I removed the auto warm configurations for the various caches and reduced
the cache sizes. I then issued a call to delete a day's worth of data (800K
documents).

There was no out of memory this time - but some of the nodes went into
recovery mode.
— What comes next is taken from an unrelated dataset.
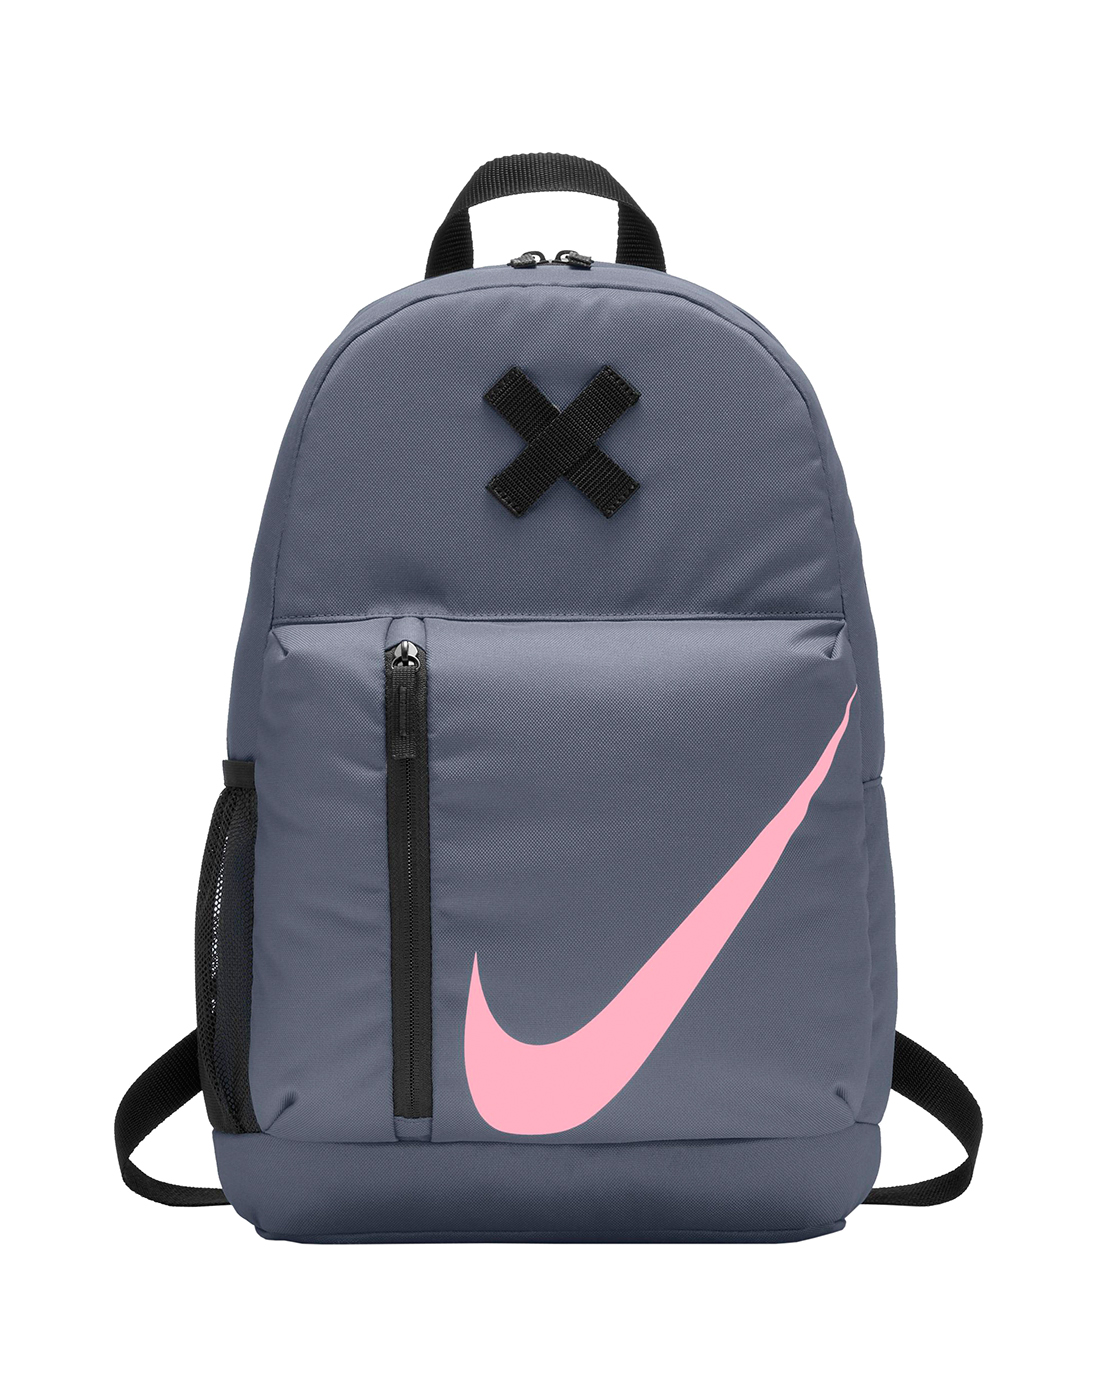 d9af53cbcec Grey & Pink Nike School Bag | Life Style Sports

Was able to catch some logs this time around and this is
what i see:

****************
*WARN  [2014-04-14 18:11:00.381] [org.apache.solr.update.PeerSync]
PeerSync: core=core1_shard1_replica2 url=http://host1:8983/solr
<http://host1:8983/solr> too many updates received since start -
startingUpdates no longer overlaps with our currentUpdates*
*INFO  [2014-04-14 18:11:00.476] [org.apache.solr.cloud.RecoveryStrategy]
PeerSync Recovery was not successful - trying replication.
core=core1_shard1_replica2*
*INFO  [2014-04-14 18:11:00.476] [org.apache.solr.cloud.RecoveryStrategy]
Starting Replication Recovery. core=core1_shard1_replica2*
*INFO  [2014-04-14 18:11:00.535] [org.apache.solr.cloud.RecoveryStrategy]
Begin buffering updates. core=core1_shard1_replica2*
*INFO  [2014-04-14 18:11:00.536] [org.apache.solr.cloud.RecoveryStrategy]
Attempting to replicate from http://host2:8983/solr/core1_shard1_replica1/
<http://host2:8983/solr/core1_shard1_replica1/>. core=core1_shard1_replica2*
*INFO  [2014-04-14 18:11:00.536]
[org.apache.solr.client.solrj.impl.HttpClientUtil] Creating new http
client,
config:maxConnections=128&maxConnectionsPerHost=32&followRedirects=false*
*INFO  [2014-04-14 18:11:01.964]
[org.apache.solr.client.solrj.impl.HttpClientUtil] Creating new http
client,
config:connTimeout=5000&socketTimeout=20000&allowCompression=false&maxConnections=10000&maxConnectionsPerHost=10000*
*INFO  [2014-04-14 18:11:01.969] [org.apache.solr.handler.SnapPuller]  No
value set for 'pollInterval'. Timer Task not started.*
*INFO  [2014-04-14 18:11:01.973] [org.apache.solr.handler.SnapPuller]
Master's generation: 1108645*
*INFO  [2014-04-14 18:11:01.973] [org.apache.solr.handler.SnapPuller]
Slave's generation: 1108627*
*INFO  [2014-04-14 18:11:01.973] [org.apache.solr.handler.SnapPuller]
Starting replication process*
*INFO  [2014-04-14 18:11:02.007] [org.apache.solr.handler.SnapPuller]
Number of files in latest index in master: 814*
*INFO  [2014-04-14 18:11:02.007]
[org.apache.solr.core.CachingDirectoryFactory] return new directory for
/opt/data/solr/core1_shard1_replica2/data/index.20140414181102007*
*INFO  [2014-04-14 18:11:02.008] [org.apache.solr.handler.SnapPuller]
Starting download to
NRTCachingDirectory(org.apache.lucene.store.MMapDirectory@/opt/data/solr/core1_shard1_replica2/data/index.20140414181102007
lockFactory=org.apache.lucene.store.NativeFSLockFactory@5f6570fe;
maxCacheMB=48.0 maxMergeSizeMB=4.0) fullCopy=true*

****************


So, it looks like the number of updates is too huge for the regular
replication and then it goes into full copy of index. And since our index
size is very huge (350G), this is causing the cluster to go into recovery
mode forever - trying to copy that huge index.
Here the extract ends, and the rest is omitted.